2.4. Measurements Settings and Samples

We now showcase results obtained using the well-known sample system TaS₂ to demonstrate the capabilities of the setup. The focus is mainly on the time-resolved capabilities but we also highlight XPD results exploiting the large acceptance angle and the high angular resolution.

We used 1T-TaS₂ samples that were grown by iodine vapour transport [15] by the Rossnagel group (Christian-Albrechts-Universität zu Kiel). Although the growth process is well understood, a natural variation in the measurements presented in the following sections is inevitable, since we also used samples from different growth periods. These variations lead, for example, to different CDW splittings and collapse upon pumping.

In the experiments presented here, the monochromator [10] was operated with a 150 L/mm grating at two distinct photon energies of 200 eV and 250 eV. The exit slit was set to 100 μm resulting in a beamline resolution of about 210 meV at 200 eV and 280 meV at 250 eV respectively. The ArTOF was configured to a mode having an accepting angle of 56° and an energy window 4% of the kinetic energy of the photoelectrons at the core level of interest. With this setting the typical instrument resolution is better than about 150 meV for kinetic energies below 250 eV [7]. We used a wavelength of 800 nm as a pump and the laser fluence impinging on the sample was about 1.5 mJ/cm² for the measurements using the PPRE and about 0.1 mJ/cm² for the measurements using slicing.
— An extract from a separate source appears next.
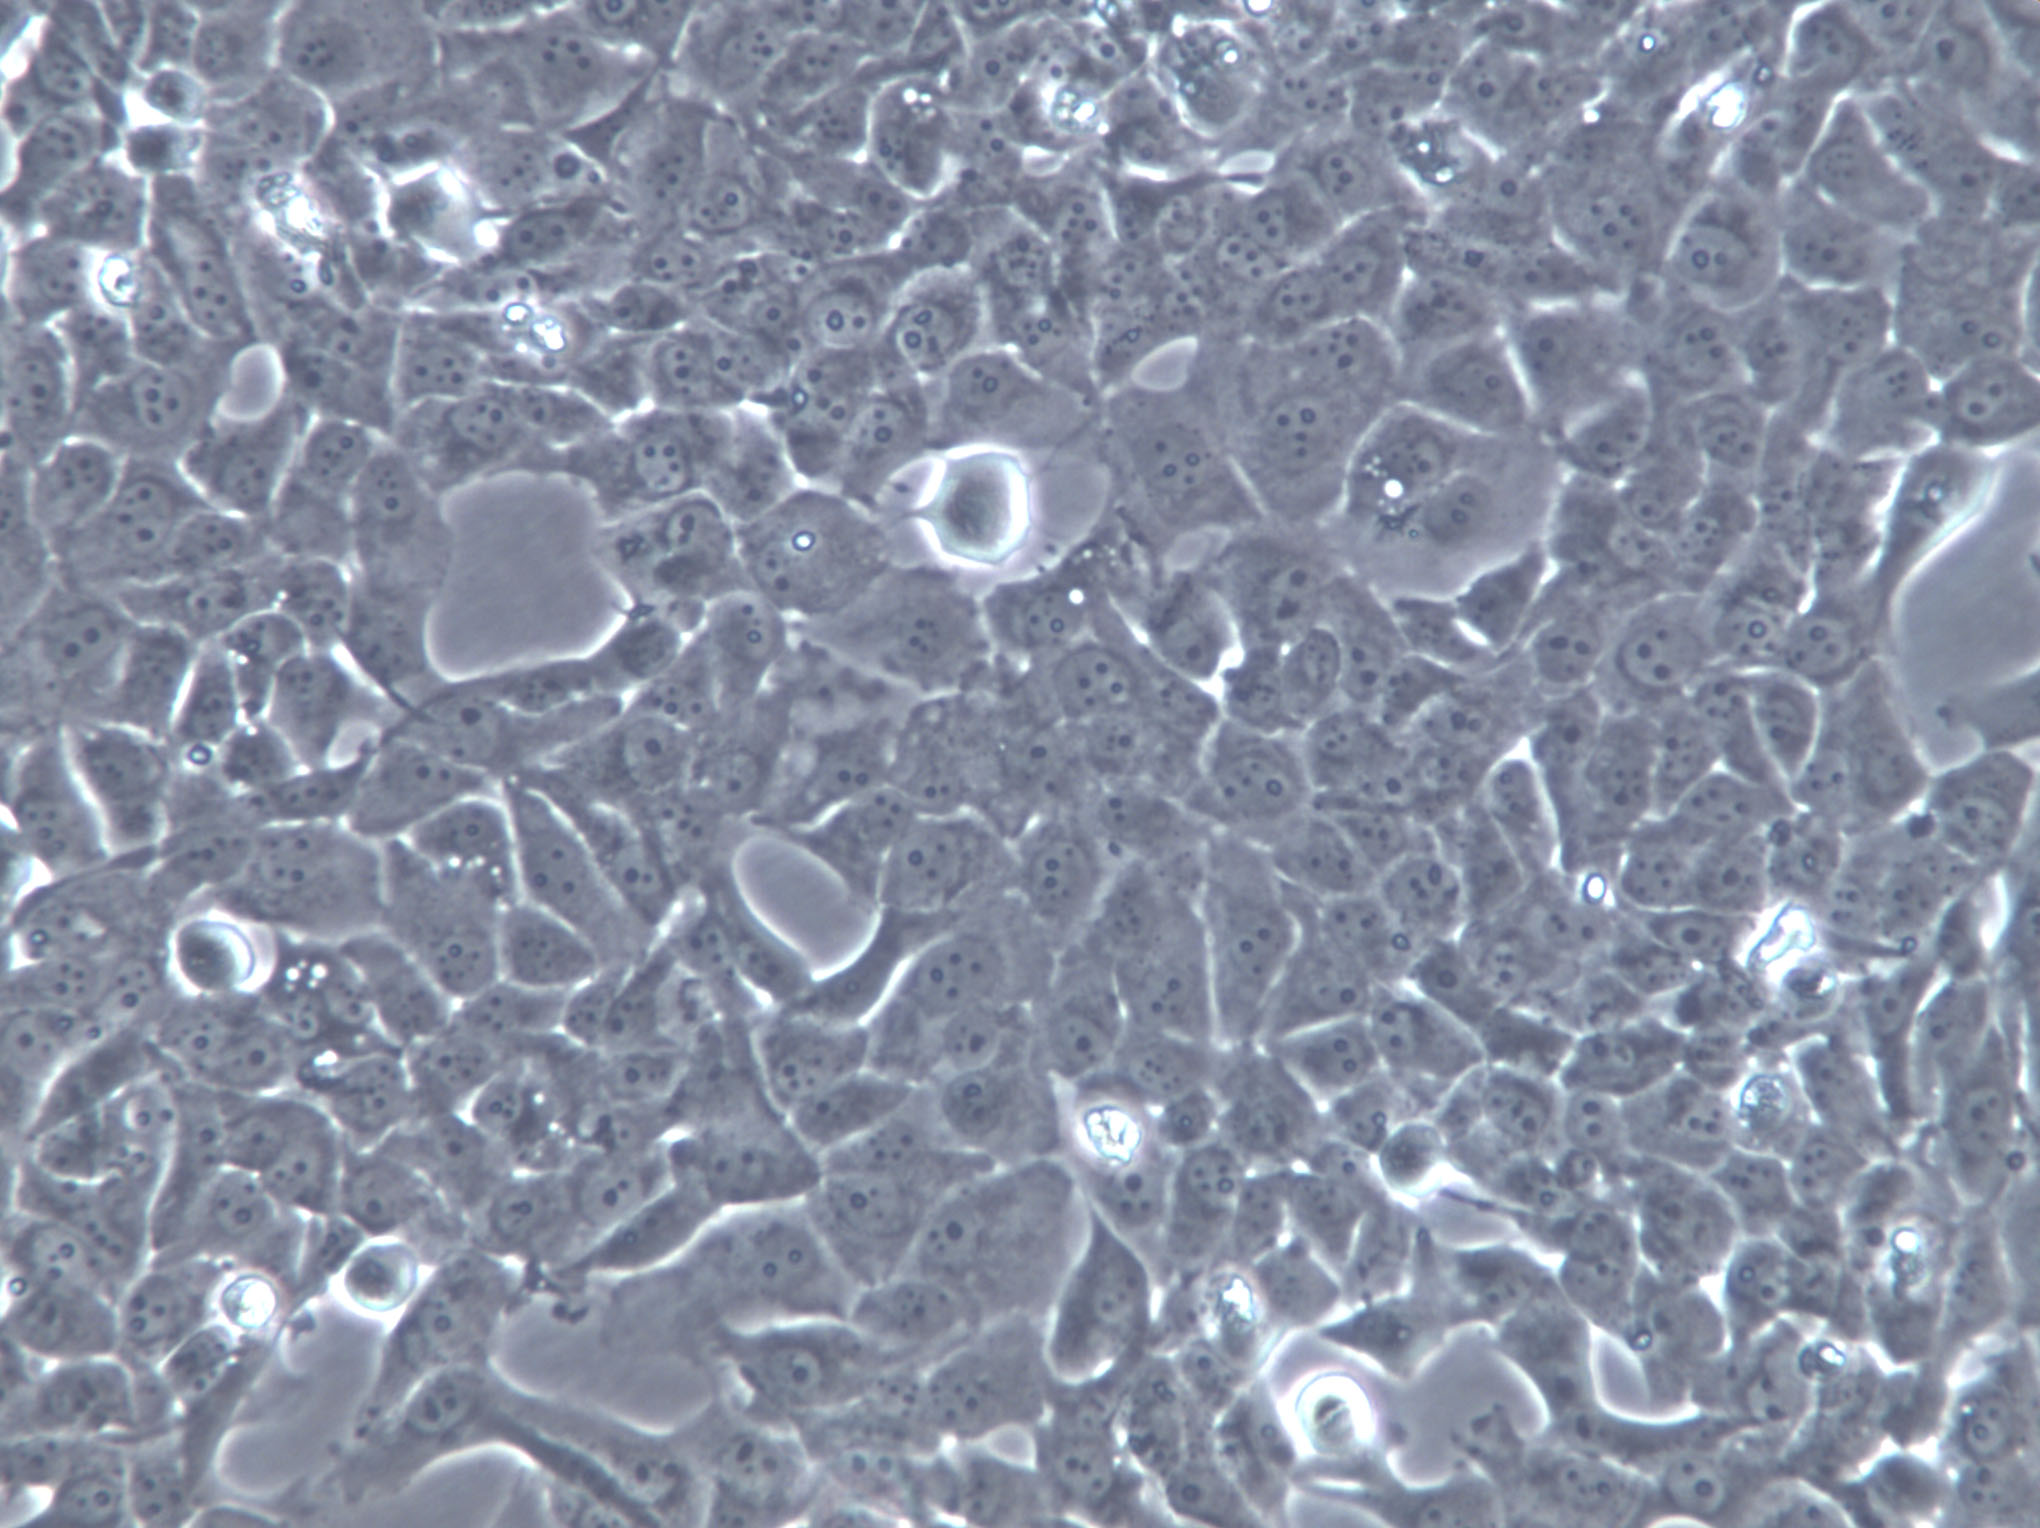 Hep-G2 Cells|人肝癌克隆细胞,Hep-G2 Cells

Static measurements were carried out by using the PPRE bunch at a repetition rate of 1.25 MHz. The time-resolved studies were done in picosecond mode by using the PPRE bunch and in femtosecond mode by using the slicing bunches as the probe pulses. Both time-resolved modes give us access to unpumped reference pulses from the X-ray bunch one revolution before the pump pulse arrives.

3. Results and Discussion

3.1. Time Resolved X-ray Photoelectron Spectroscopy with Different Time Scales at 1T-TaS₂

1T-TaS₂ has a rich phase diagram consisting, at ambient pressures and decreasing temperatures, of an incommensurate Charge Density Wave (ICCDW) phase, a nearly commensurate CDW (NCCDW) phase and a commensurate CDW (CCDW) phase [16,17] and, at elevated pressures, even metallic and superconducting phases [18].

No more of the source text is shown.